The unfiltered truth about hustling

The false narrative of “hustle”

How to have a side hustle is the veritable “Kim Kardashian” of today’s web searches. We still want to learn how to contour the right way and find the new products she and her sisters are marketing, but we also want to discover how to make a million through aggressive commitment.

I hustled for years. How did I define my hustle? At one point, I worked 7 a.m. to 4 p.m. at an email marketing company, after-hours freelance writing, and weekends at Anthropologie. It was all in an effort to make enough money and generate enough repeat clients to quit my full-time job and work for myself. I had this perception that I was making it all happen, really living life to its fullest, wringing it of every drop of possibility.

The reality is that I was in the red with Anthropologie, having essentially established a bartering relationship (NOTICE: WILL WORK FOR MAXI SKIRTS AND PAINTED DISHES), and the majority of my clients were one-time-only, as my business was focused on resumes and cover letters.

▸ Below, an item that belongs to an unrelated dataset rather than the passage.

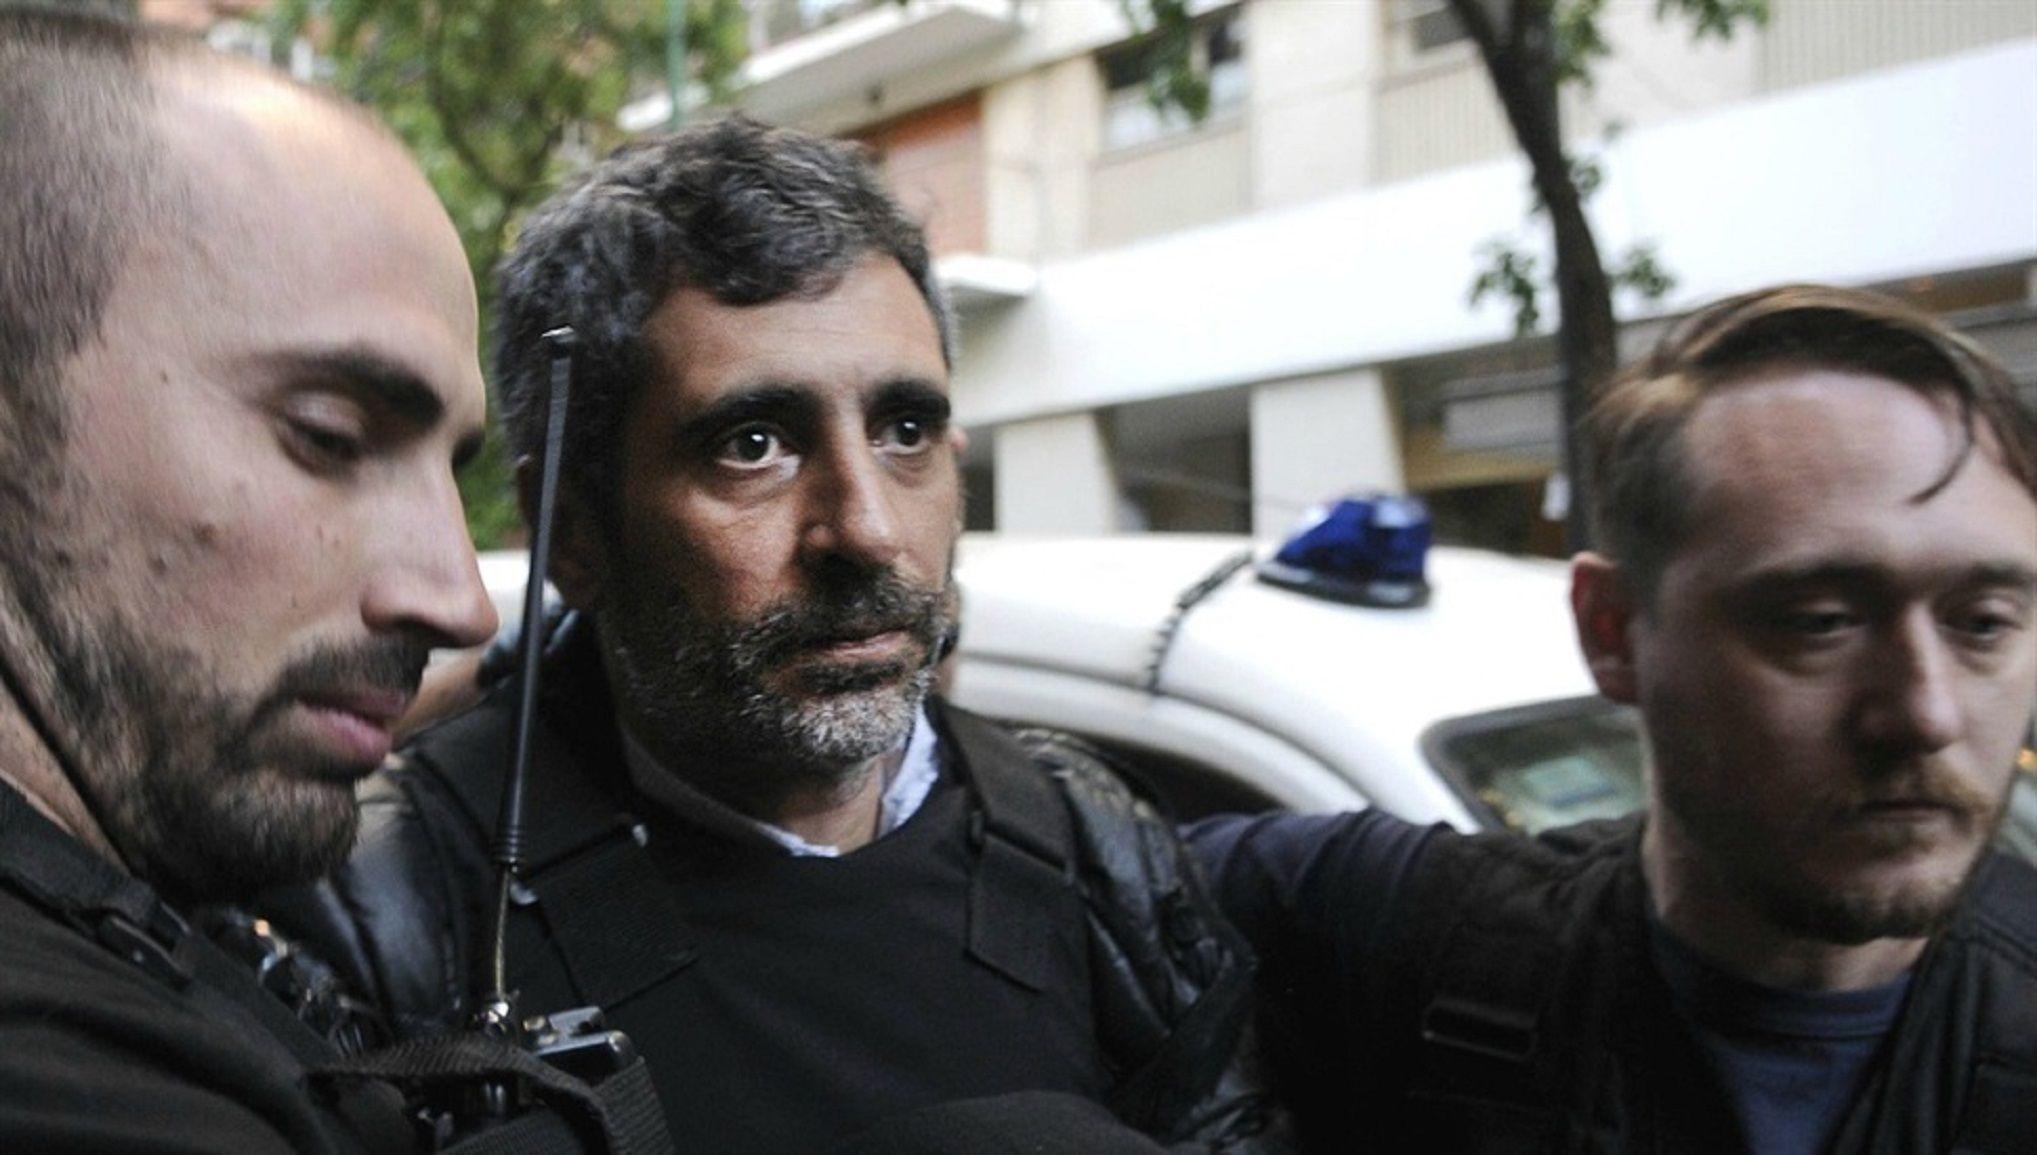 Megaoperativo: detuvieron a Roberto Baratta, ex mano derecha de De Vido
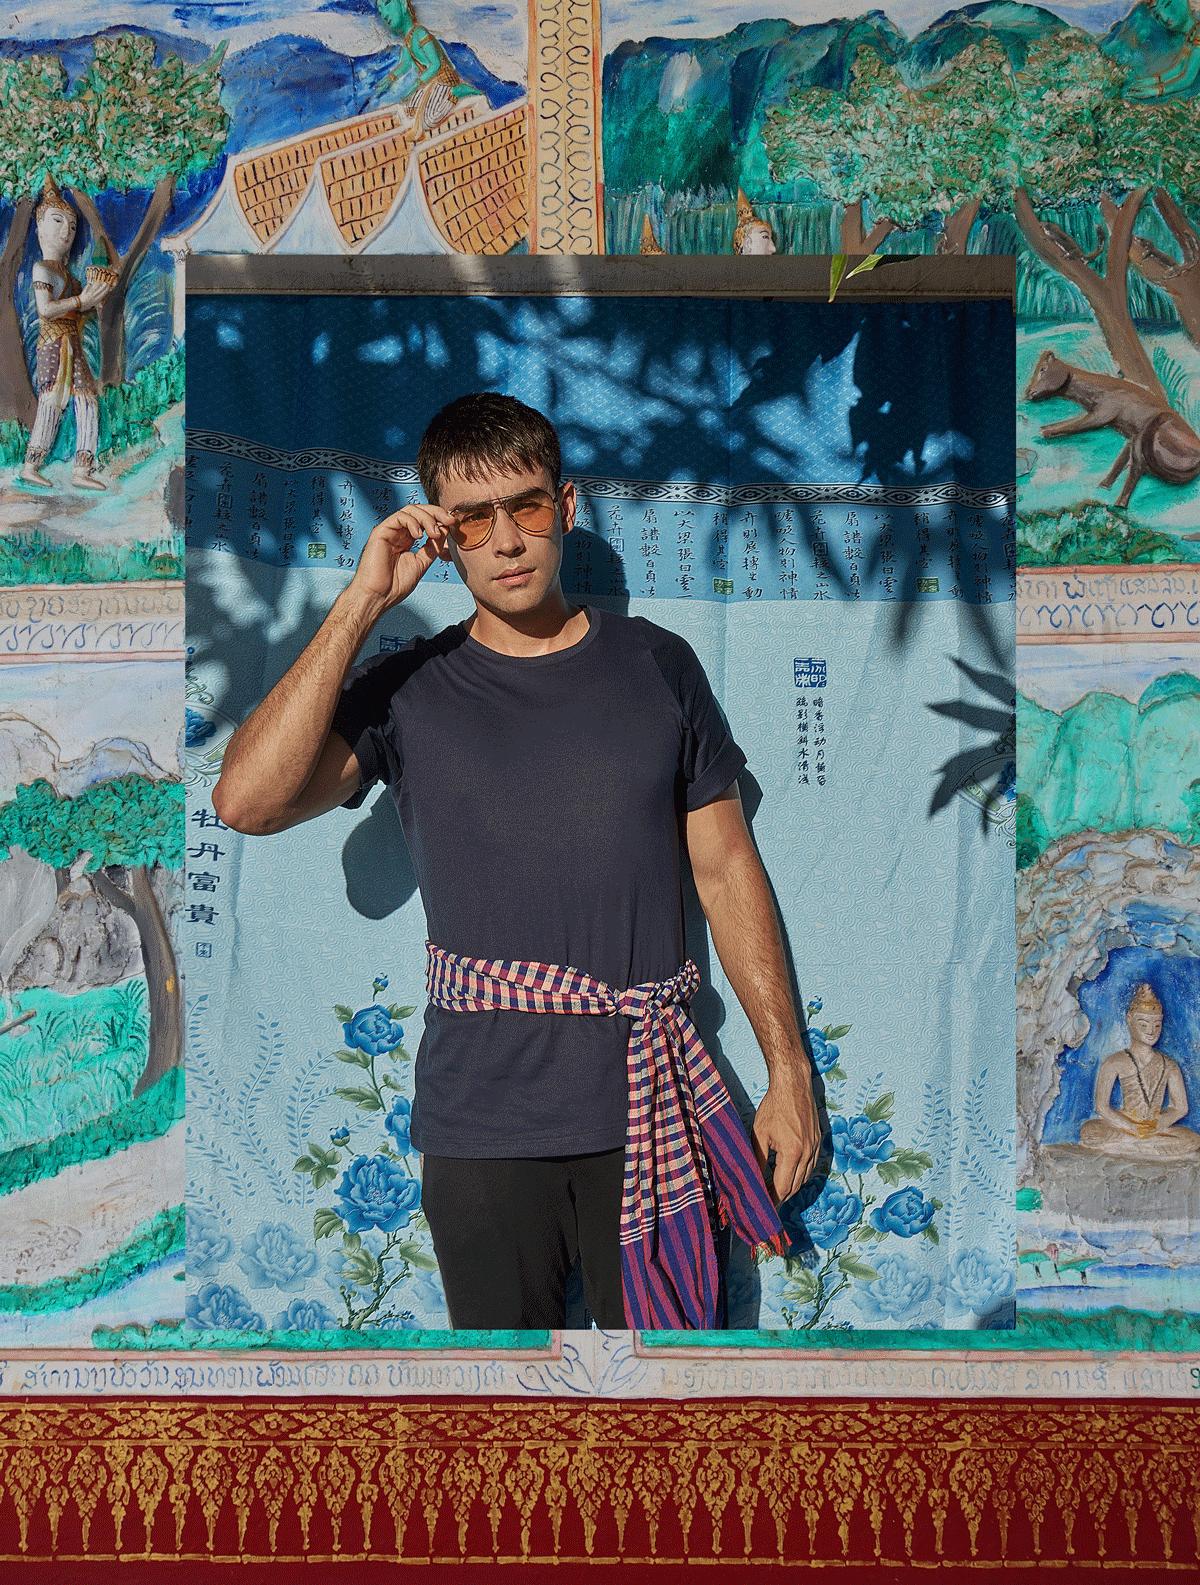 Tshirt : SARIT / pants : gingko / sunglasses : Tavat eyewear

There’s an assumption that Millennials don’t want to work hard, but in truth, we have to work extremely hard. According to a 2019 survey by Apartment List, 69% of renters plan to always rent because they can’t afford to buy a house, and 70% of those who do plan to buy a house can’t afford one. This preoccupation with figuring out what in the hell you’ll make and sell on Etsy while working through your lunch break is precisely because of student loan debt, housing costs, turning around bad credit, etc.

But you guys, listen: I don’t want to be a millionaire. (Good, you’re thinking, because it’s super unlikely you’ll become one.)

A reframing

I had a great conversation last week with the marketing director at a SaaS company for which I freelance. He said he just wants to work, make his money, and enjoy life. He doesn’t want to hound his team and instead treats them like adults who can be trusted to do their work. If they aren’t on Slack when he has a question for them, he doesn’t assume they’re slacking (LOL at myself); he assumes they’re living life. Picking up a kid from school. Eating lunch. Going for a bike ride. Doing whatever they want to be doing before they return to work.

First, can we all be so lucky as to find clients like this?

Second, he’s right in line with what I’ve learned about myself. Instead of pushing myself to do more, do the most, do everything, I’m constantly scaling myself back. You can say no to back-to-back meetings. You can turn down a project that doesn’t excite you. You don’t have to work seven days a week to prove what to whom?

Because the truth is I don’t enjoy doing it all. I want time to read, to play outside with my kids, to make this Bon Appetit icebox cake. I don’t want to turn myself inside out just to make a few more bucks. I want to be able to afford housing and food, and beyond that, you’ll find me somewhere outside.

Why the experts are wrong

Hustling doesn’t make you feel better; it makes you feel tired because you’re so busy. Busy isn’t better.

Again: BUSY ISN’T BETTER.

Now, this isn’t about about the effort to make ends meet. When I say “hustle,” I’m referring specifically to the sans serif HUSTLE on gray tank tops worn by the gals on the bachelorette Pedal Taverns in downtown Nashville. It’s is the glorification of overworking oneself. It’s the home visit IV drip to counteract the exhaustion of overextension.

The struggle of working off one’s ass (as well as not ending in a preposition) with the sole purpose of more, more, more is, frankly, ugly to me. It didn’t used to be, but now, I’m not impressed by my past self. She seems easily influenced by what she thinks she should be doing instead of what she wants to be doing.

What you can do about it

You get to decide for yourself what it looks like to be a human, to be a creative, a partner, a neighbor — all the many roles that make you beautiful. Someone else might be defining those roles (those kids watching Luca in the living room while you reply to emails do mean you’re a parent), but it’s up to you how you embody those roles.

How present will you be? Will you prioritize being present over being productive? That question has been top-of-mind for me during this season of face masks and feeling like I’m just scraping by. No one can make you scale back except you. Figure out what’s most important to you, what you need to survive literally (food, shelter, air) and figuratively (library card, dog, struggling to come up with a third thing).

I don’t actually think it’s a privileged stance to cut yourself a mental break after you’ve covered your bases. Free time should remain free. Play time should include some play. It’s a struggle to keep unstructured time unstructured. I find I have to hustle at it.